Her words struck a point. "I'll survive." Wade said. She wasn't convincing anyone. She certainly wasn't convincing herself.
"Wade," said the other Wade gently, "I know you don't want to marry someone you don't love-"
"I don't! Especially not one of those pig-headed Lords!"
"So as Lords are pig-heads?"
"Of course they are!"
"How do you know that?"
Wade considered. She'd met many Lords in her youth, who had been all sorts of people, young and old, nice and mean, crazy or completely sane. When had she had any opinion of them? Then she remembered. She had been told of her impending marriage. She had protested, saying she didn't want to go marry a Lord. Her father had silenced her, and told her her husband would not be denied his bride. Angry at being used, she had formed the opinion she held now. "Well this one is," she said, "if he's forcing me to marry him."
"Who says he is?" pointed out Wade. "How old is he?" she was grasping at straws now, but-
"I don't know," Wade shrugged. "I think his father's still alive-"
So grasping at straws could indeed snare one. "If his father's still alive, I'd say it's likely he's arranged this. His son may very well be as upset as you are."
This was a convincing arguement. Provided, of course, it was true. "I don't know..." Wade replied.
"Come along," said Wade, taking hold of the horses bridle.
Wade yanked it out of her hands. "I won't be led!" And she proudly began leading the horse back the way they had come. Wade followed on foot.

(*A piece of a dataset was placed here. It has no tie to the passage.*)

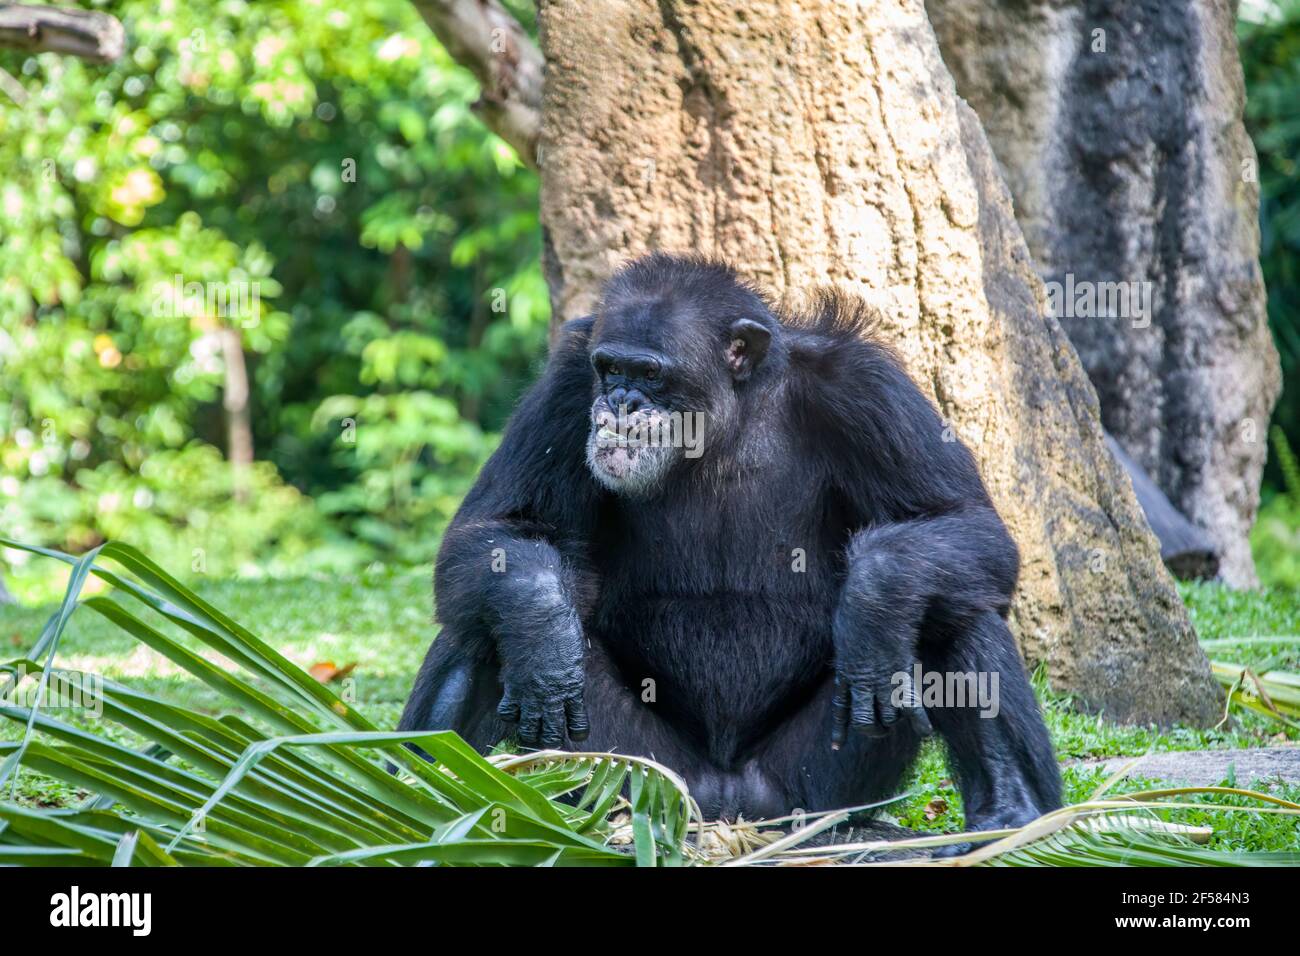 Un vecchio Chimpanzee maschio sta siting e mangiando. Lo scimpanzé è una specie di grande scimmia originaria delle foreste e delle savane dell'Africa tropicale. Foto Stock

They had been moving in a direction that led back to the ruined city for some time when the Lady Wade asked, "Are you married?"
"No," said Wade.
"Do you have any plans to be married?"
Wade shook her head. "I never stay in one world for more then three weeks at most. So my choices are limited to my three companions. One of them's too old for me, one, well..."
"What about the third?"
"Quinn? Well..." She drifted off. It would take more then she could say to explain why she and Quinn weren't long married now.
The other Wade was no fool. "You want to be married to him, do you not?"
"I do." admitted Wade. After all, who could you confess to, if you couldn't confess to your alternate self? "But Quinn Mallory, he doesn't want love. Well, it's more like he does, but..." She drifted off again. Then she suddenly realized that the horse behind her had stopped. She turned around. "What is it?"
"Pardon me," said the other Wade, "but did you say Quinn *Mallory*?"